The 3rd Battalion were posted to Belize from February to August 1977, then a British territory, as part of the garrison there to protect it from the perceived threat of war with Guatemala, a neighbour of Belize, which was making claims that it believed Belize to be an integral part of Guatemala. In 1978, 1st Battalion deployed on operations to West Belfast for five months from Werl. The 2nd Battalion were in Gibraltar and the 3rd Battalion in Dover. The 3rd Battalion deployed to Bessbrook, Northern Ireland in 1979.

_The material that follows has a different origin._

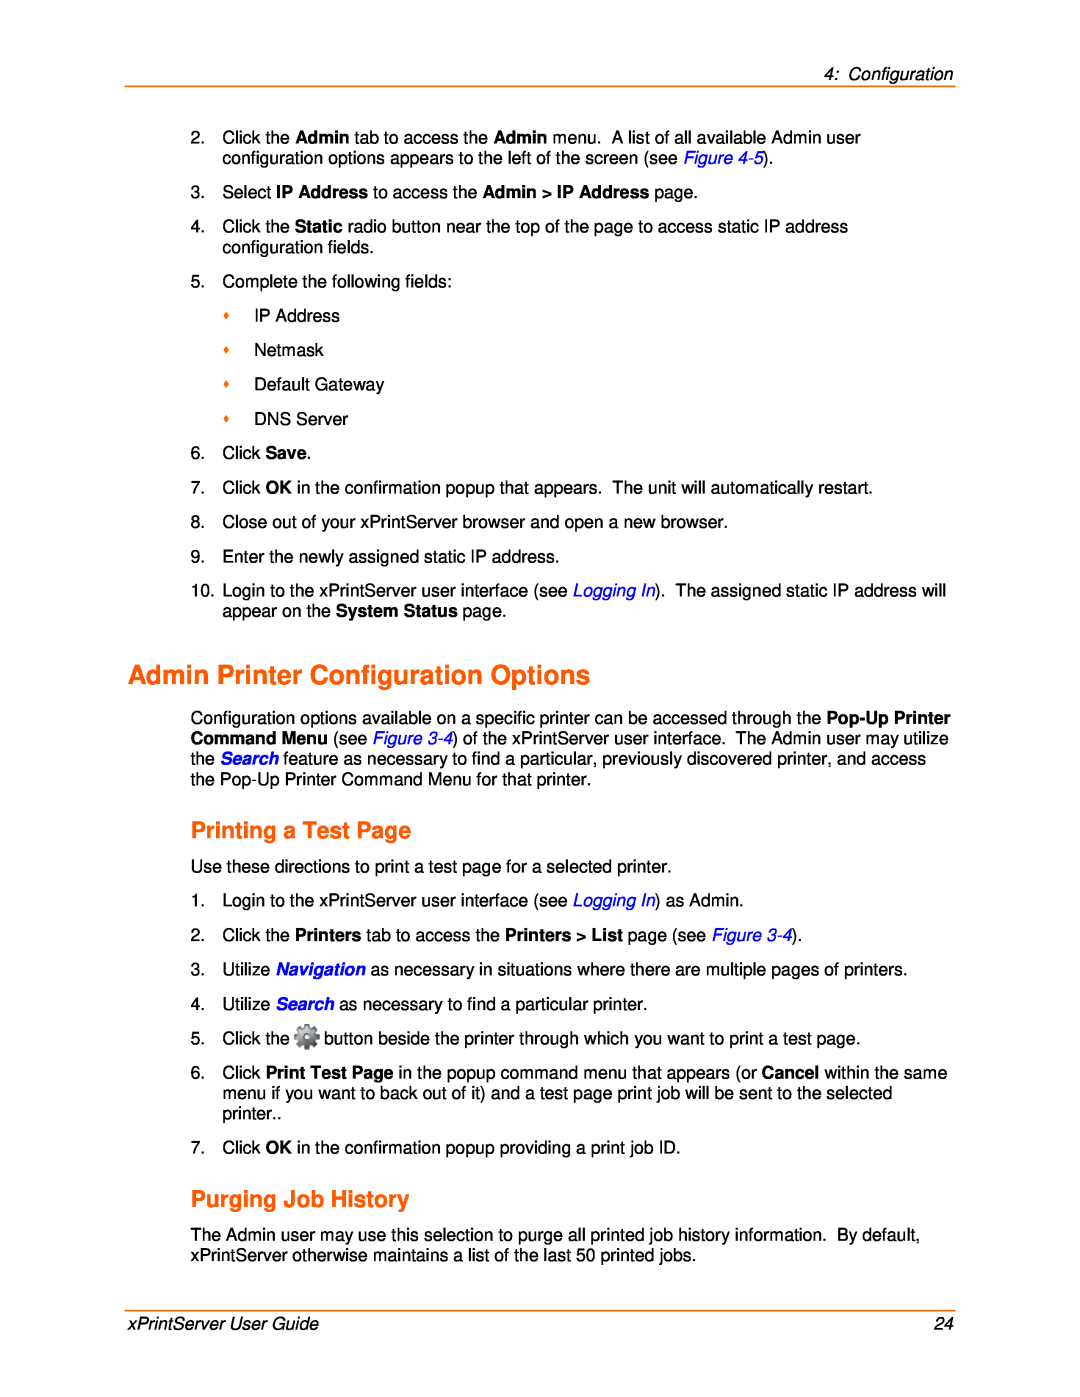 Lantronix 900-603 Admin Printer Configuration Options, Printing a Test Page, Purging Job History, xPrintServer User Guide 
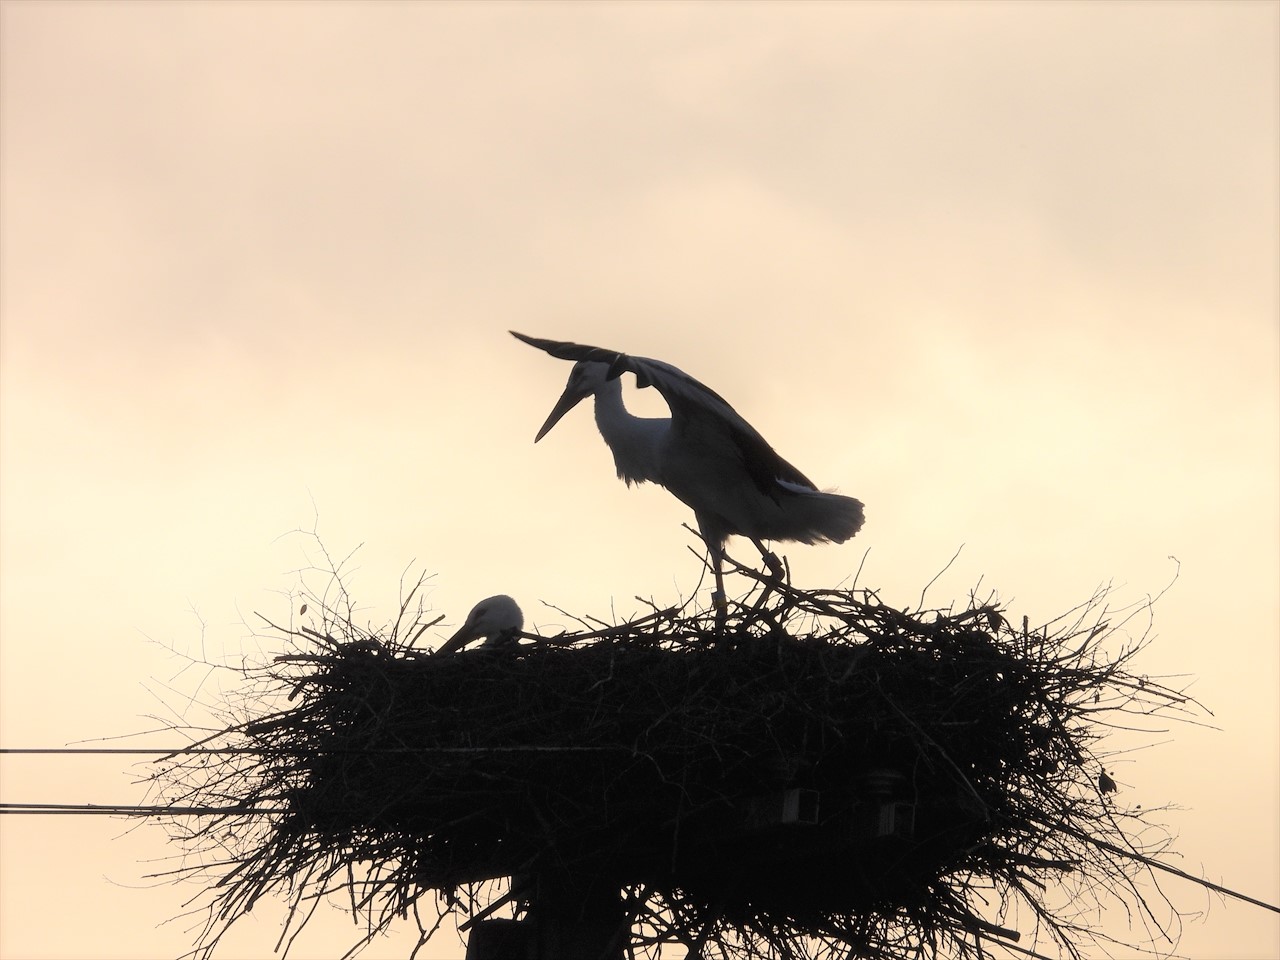 DSCN4597 (2)夕暮れに時に巣上で羽ばたくコウノトリ雛２０２２年５月１４日１８：３５

The 1st Battalion moved to Canterbury (the regiment's home base) in 1980. From there it undertook a six-month tour of Belize. The 2nd Battalion deployed to Cyprus on a 6-month tour-of-duty with UN forces in 1981. The 1st Battalion were posted to Omagh in County Tyrone in 1982. It served there until January 1985 with south east Fermanagh as its primary focus. In 1983, the 2nd Battalion were posted to Derry, also on a two-year tour.

The 3rd Battalion were deployed to Belfast on a six-month tour from Fallingbostel in 1984. With all three battalions' in the province of Northern Ireland, A freedom parade was held in Belfast in 1984 at which all three battalions' Regimental Colours were paraded.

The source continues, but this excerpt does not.